A town of Pomfret agricultural business officially has approval to build a wind turbine on its property.
The town's Zoning Board of Appeals held a public hearing Monday to consider the appeal of Dennis Rak, the owner of Double A Vineyards Inc., located at 10277 Christy Road. Mark Ferrara of the Cazenovia Equipment Company (which sells, services and supports renewable energy projects) was on hand, as well, and represented Rak. The appeal was approved unanimously by the board.
"Basically, what this is is to install a 50-kilowatt, small wind turbine to generate electricity for the farm," Rak said. "We have our residence there with some offices in it, plus our storage building ... which has several compressors we use to have cold storage in there. We use a significant amount of electricity between those locations and we're looking at ways to help minimize our electricity costs over time."
OBSERVER Photo by Greg Fox
Dennis Rak (right), owner of Double A Vineyards Inc., and Mark Ferrara of the Cazenovia Equipment Company answer questions from the Pomfret Zoning Board of Appeals during a public hearing on Monday to consider a wind turbine on Rak’s property.

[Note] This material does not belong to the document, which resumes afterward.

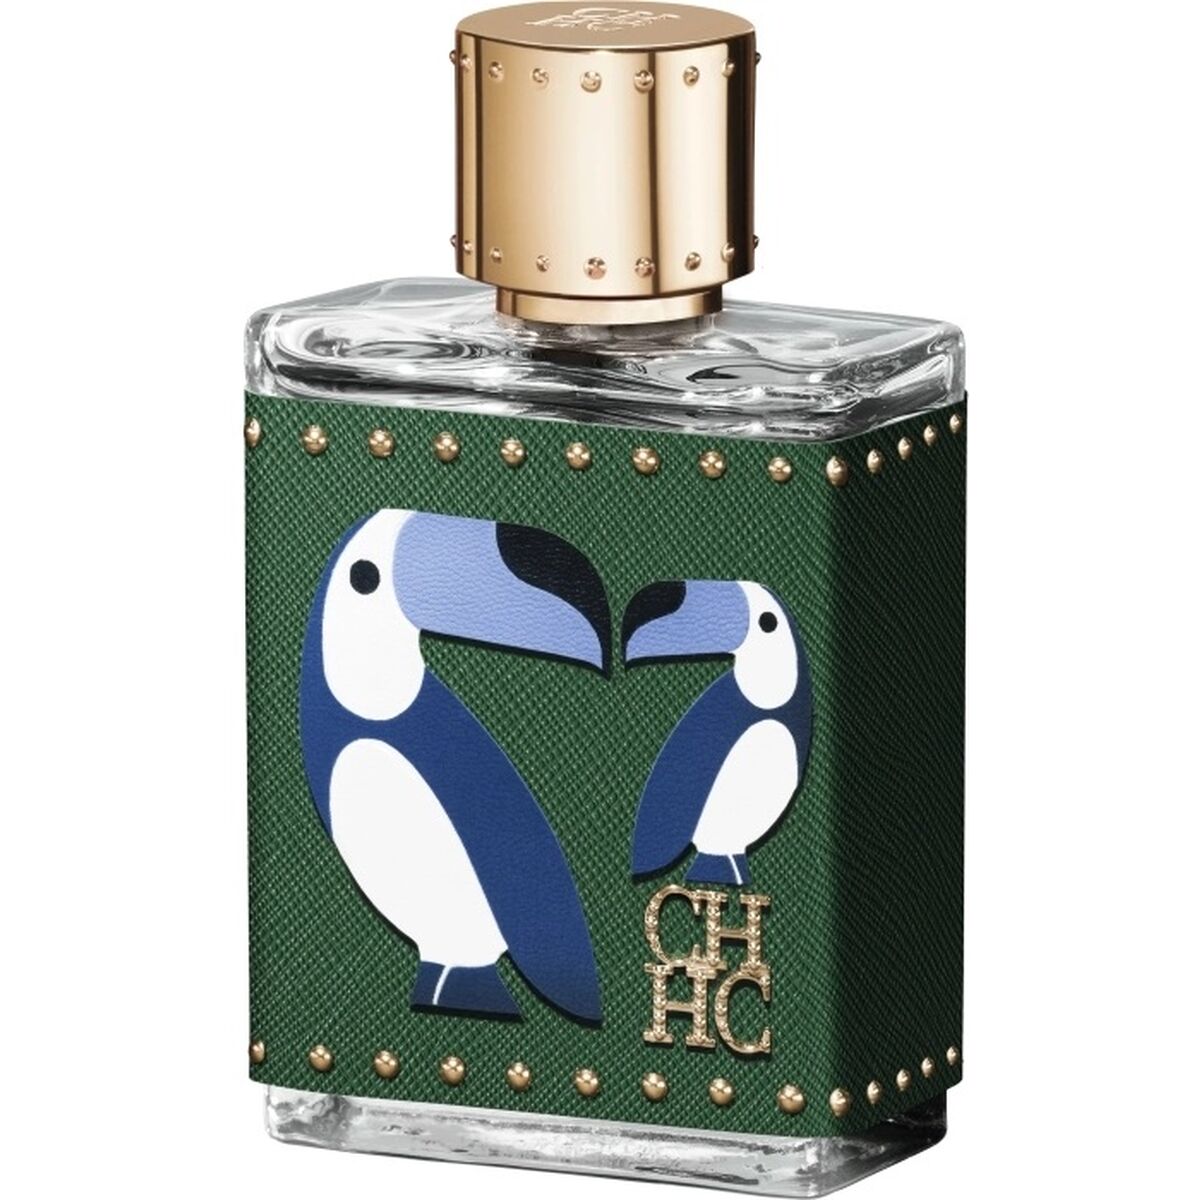 Men's Perfume Carolina Herrera CH Birds Of Paradise EDP 100 ml Limited edition

The public hearing was necessary in allowing for the turbine because the tower is expected to be about 136 feet tall and the blade height will be about 172 feet. Under Pomfret's Wind Energy Facilities Law, the maximum allowed for the tower is 120 feet while the maximum allowed for the blade is 150 feet.

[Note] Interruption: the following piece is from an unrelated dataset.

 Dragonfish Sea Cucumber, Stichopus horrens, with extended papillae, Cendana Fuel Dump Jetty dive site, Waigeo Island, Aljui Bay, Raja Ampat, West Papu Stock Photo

Before the public hearing, the board looked into the height of a communications tower that is close to the area where the turbine will be constructed, according to Chairman Samuel Allesi. Board member Raymond Lewandowski said DFT Communications told him that tower is 190 feet tall.
Rak said there will be a 20-year lease on the wind turbine through an agreement between Cazenovia Equipment and United Wind. The turbine will be located in the middle of some grape vineyards on the land and it will take the place of a tree there.
"It's a very quiet turbine and it was designed with knowing it's going to have to be close to houses and farms," Ferrara said. "It's for powering a facility, and so it was designed to not be on a wind farm out in the middle of nowhere."
Ferrara said after the 20-year lease, there will be an option to buy the turbine at fair market value. He added construction on the turbine should occur early on in the summer of 2014.
Before voting on the appeal, the board filled out a New York State Environmental Quality Review Form, as required by state law, and gave a negative declaration on the project. That means the turbine is not expected to have any adverse impact on the environment.